Making Memories is designed as an interdisciplinary project anchored in the humanities and informed by cultural memory theories. Our empirical material covers aesthetic articulations from different arts and media, and our team has a strong and differentiated expertise. An interdisciplinary design of the project is necessary because we not only intend to analyse and discuss separate works, but also explore their interrelationship and dynamic dialogue. This choice is justified by the definition of cultural memory as a product of representations and performances shaped by circulation, communication and competition between arts and media in the public sphere. It must be approached as meaning-making acts with multiple participants and analysed in an overarching perspective. To include interpretations of different aesthetic articulations – from avantgarde theatre to blockbuster movies – in a perspectivist, interdisciplinary approach is the essence of the project.
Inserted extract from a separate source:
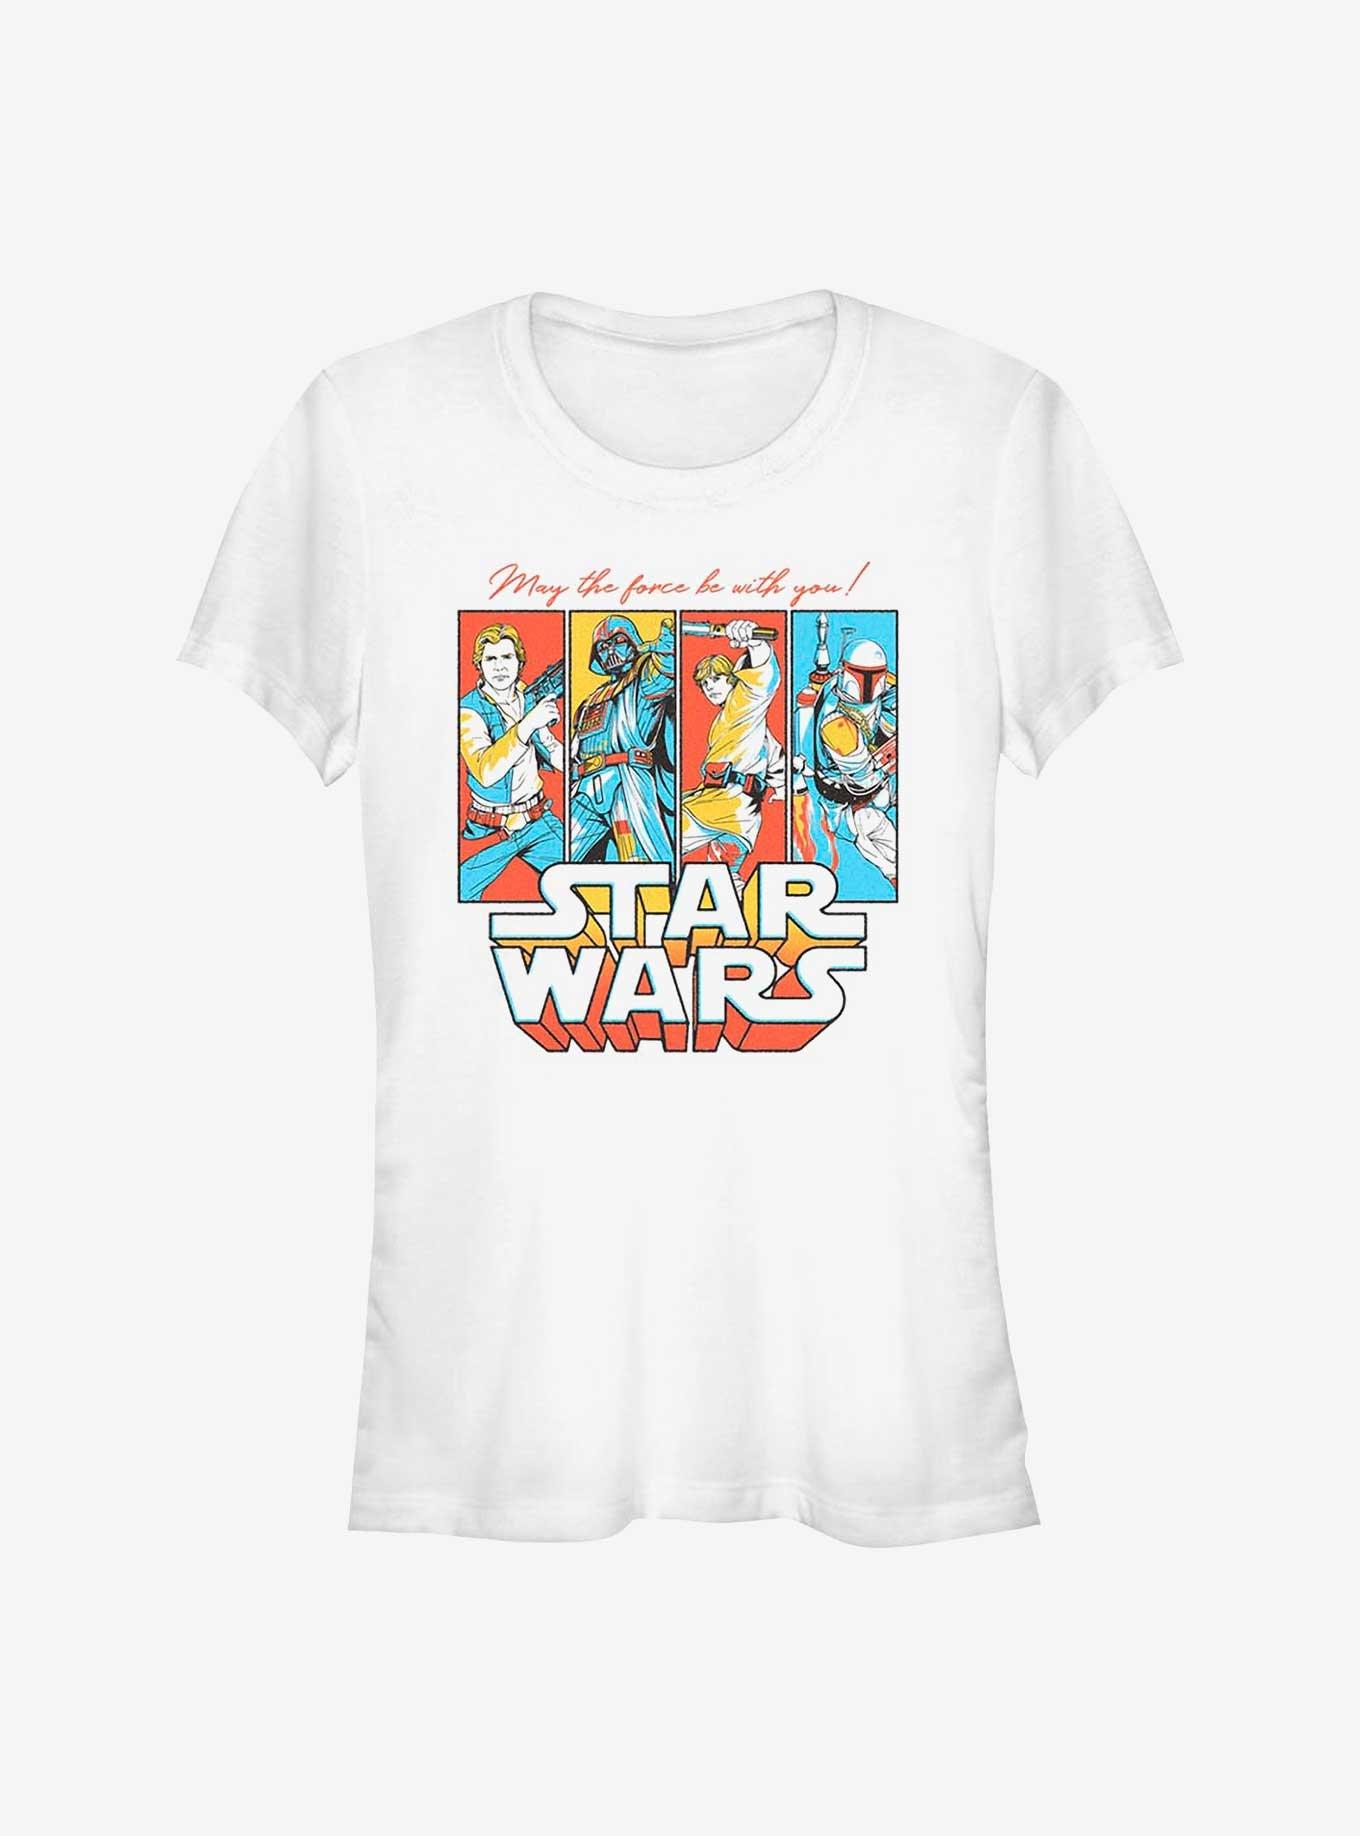 Star Wars Pop Culture Crew Girls T-Shirt, , hi-res

We identify three central issues, corresponding to work packages 1, 2, and 3. Read more about these below, and in the section for work packages.
Postmemory
The voices of today no longer belong to, or are committed to, the first generation of lived experiences. This situation means that contemporary stories and interpretations are second, third, or fourth hand, and thus mixed up with representational strategies and genre conventions from different pretexts. Aesthetic articulations of WWII are also often adaptations from one genre or medium to another, or heavily informed by non-fiction material. As such, they either tend to provoke harsh discussions about historical veracity versus fictional freedom or smoothly tie in with perceptions and prejudices without making much ado. In the first case, discussions revolve around questions of empirical facts and interpretations of past events, often initiated by historians who respond to what they see as incorrect information or unfortunate misrepresentations. In the second case, fictional forms manage to articulate the past in words and images that seem plausible and real to such an extent that they avoid objections. Contemporary aesthetic articulations tend to use this past-present and fiction-fact dualism not as a schematic opposition but as a paradigm to be both questioned and deconstructed. A pressing knowledge need is to understand these articulations as formative agents in dynamic reconsiderations of the past.
Postnationalism
The discourses and representations of WWII are often closely connected with notions of nationality. Post-war memory constructions in Norway were for a long time dominated by narratives about heroic achievements and the restoration of national independence. Aesthetic articulations today are still addressing national issues, but these are now contested in the public debate and challenged by counter- and polyvocal narratives. In the first case, discussions revolve around ways of representing key actions and symbolic ambassadors in the history of the nation, such as the sabotage action at Vemork and King Haakon’s refusal to resign. In the second case, stories from other perspectives occur, notably the destiny of the Norwegian Jews, the stories of women who fell in love with German soldiers, or the disastrous events in Northern Norway. Contemporary aesthetic articulations tend to use these stories and symbols to reconsider the strength of local and transcultural memory at the expense of, or in contrast to, national identities. It is important to understand this dynamic and analyse the web of nation-addressing narratives as well as their construction and deconstruction of collective identities.
Post July 22
The events of WWII are often used as a reference when acute societal crises occur. “Never again” and “Not since” as well as a unity targeting rhetoric of “we” and “our common past” are frequent formulations when WWII is called on in public discourse. Exactly this rhetoric was activated in the aftermath of July 22, 2011, when the terror attacks, conducted by a Norwegian right-wing fanatic, took place. Governmental representatives and other politicians compared the two crises in a unifying effort which quickly revealed a not so uniform picture. Mourning and remembering practices became issues of disagreement and conflict, and the monumental “we” dissolved in many different subjectivities. Interestingly, this comparative force continues to emerge in aesthetic articulations, hypothetically implying that an acutely felt threat in the present (terror) has a long-term cultural impact comparable to a war or is rooted in the past. A pressing knowledge need is to understand how the proposed relationship between WWII and July 22 whirls up a plethora of adversative responses, and how it addresses neo-nationalist and potentially anti-democratic developments.